Business

NY’s Lawsky slaps Standard Chartered with $300M fine

Maybe this time, it’ll stick.

British bank Standard Chartered is getting fined for a second time over lapses in its anti-money-laundering controls after promising to do a better job in 2012.

The firm agreed to pay $300 million to settle claims by New York’s top bank regulator that it didn’t have adequate protections against riskier clients in the Middle East and Asia.

The bank had a high number of suspicious transactions coming from Hong Kong and the United Arab Emirates, according to Ben Lawsky’s New York Department of Financial Services.

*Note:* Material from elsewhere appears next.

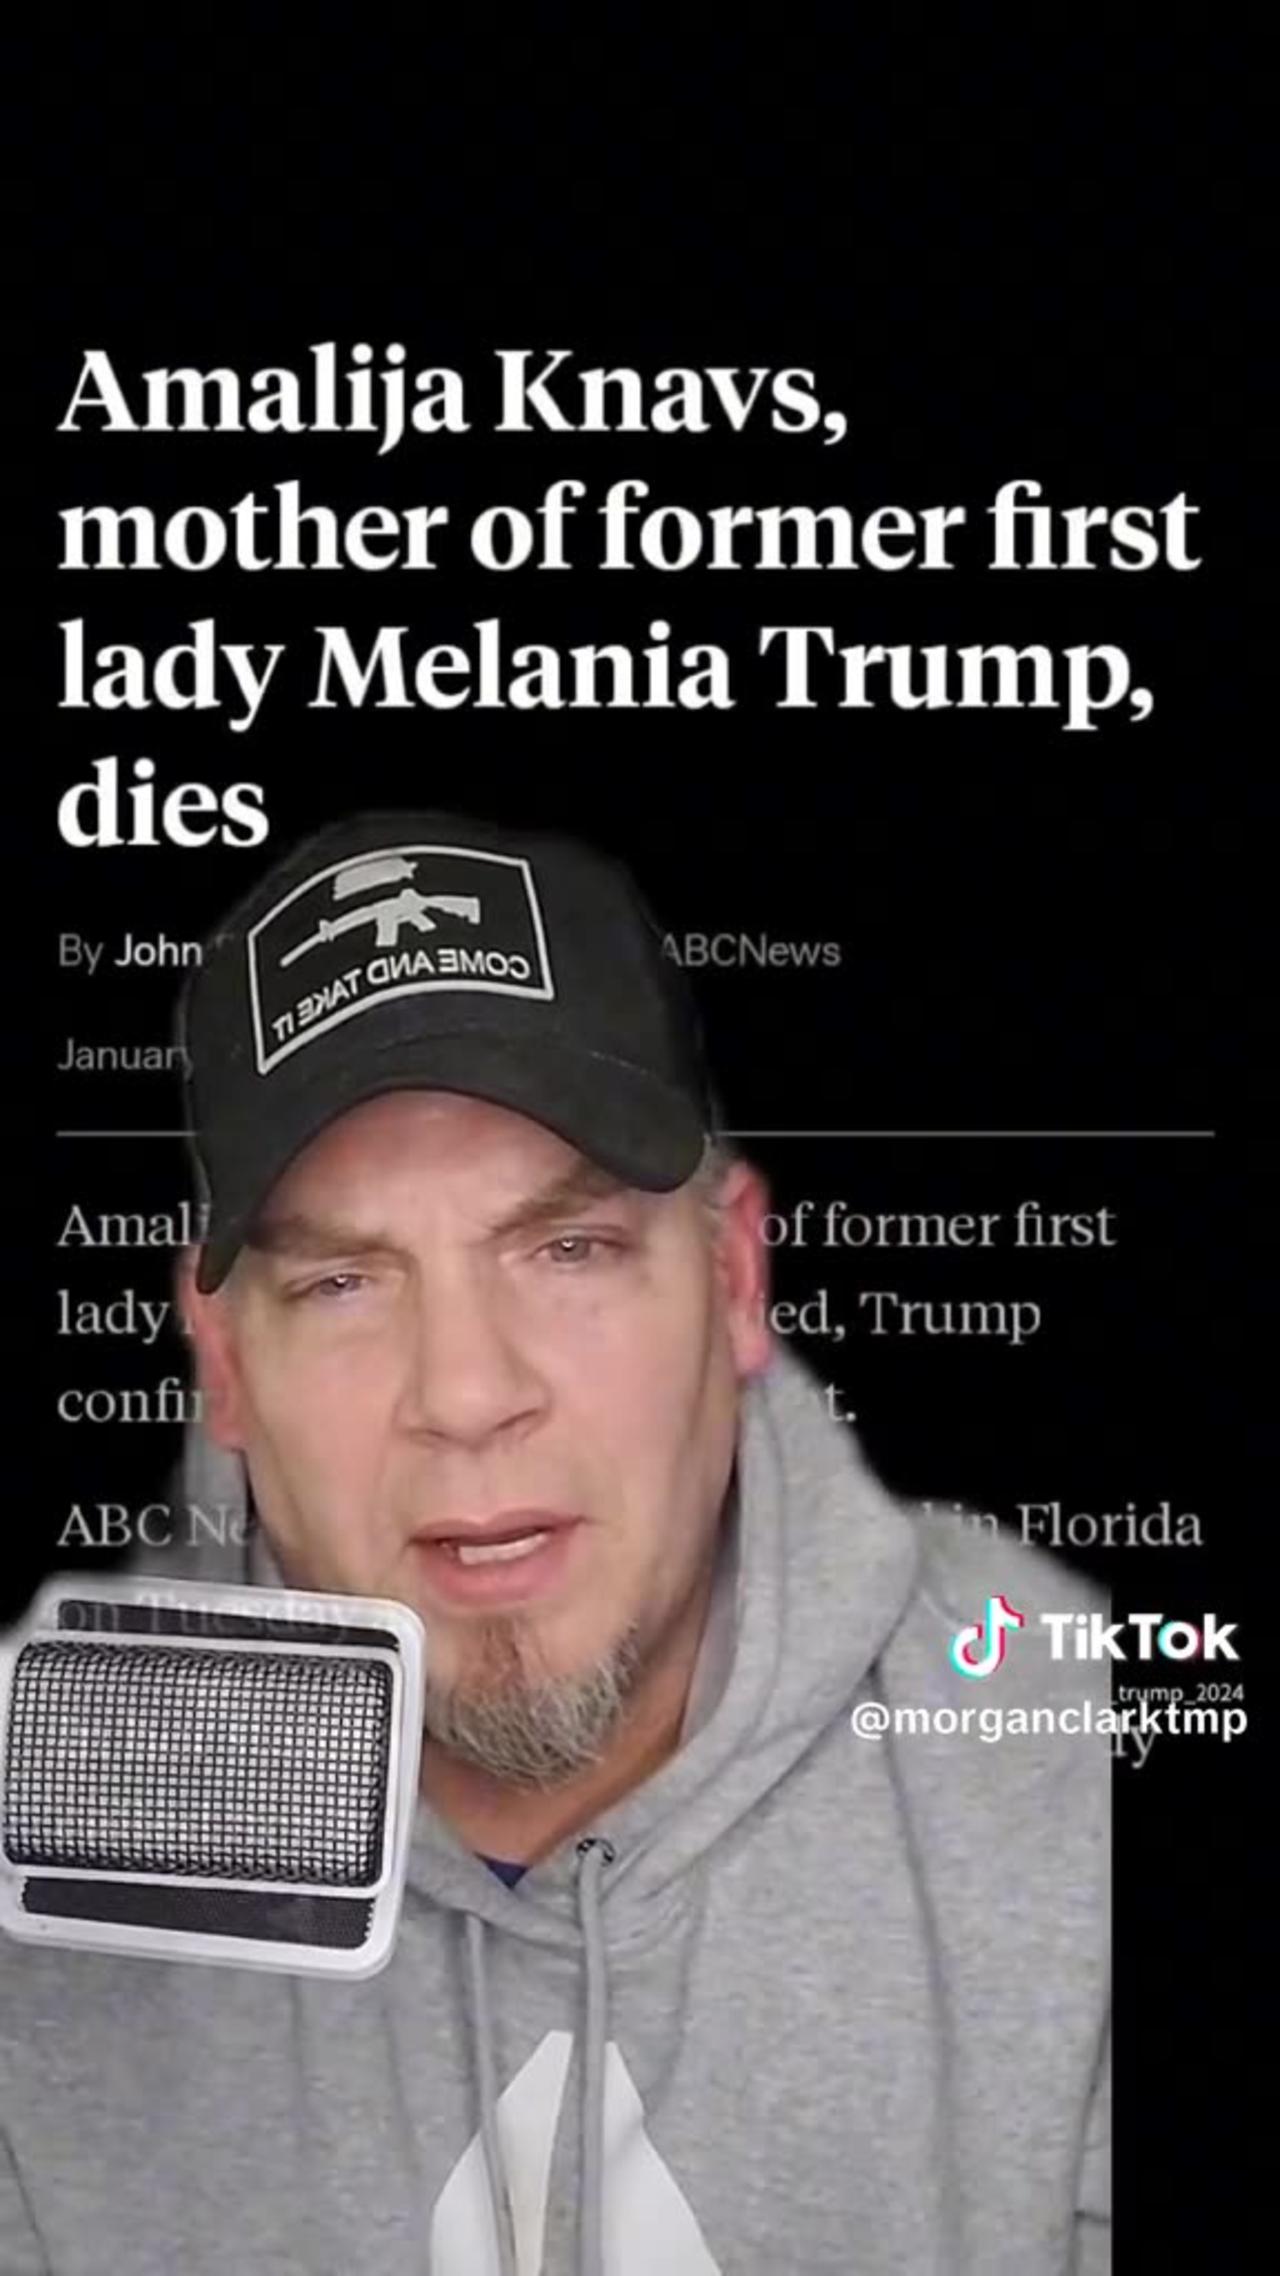 MELANIA TRUMP’S MOTHER HAS PASSED AWAY

As further punishment, the bank will suspend US dollar clearing — a key financial tool for international banks that want to use the currency — for some of its high-risk clients for an open-ended period of time, according to the order.

This settlement follows a $340 million slap in 2012 from Lawsky’s office over laundering money to entities in Iran.

“If a bank fails to live up to its commitments, there should be consequences,” Lawsky said in a statement on Tuesday.

“That is particularly true in an area as serious as anti-money-laundering compliance, which is vital to helping prevent terrorism and vile human rights abuses.”

The bank will extend the use of a monitor to oversee some of its transactions for another year, according to Lawsky’s office.

Spokespeople for Standard Chartered weren’t immediately available for comment.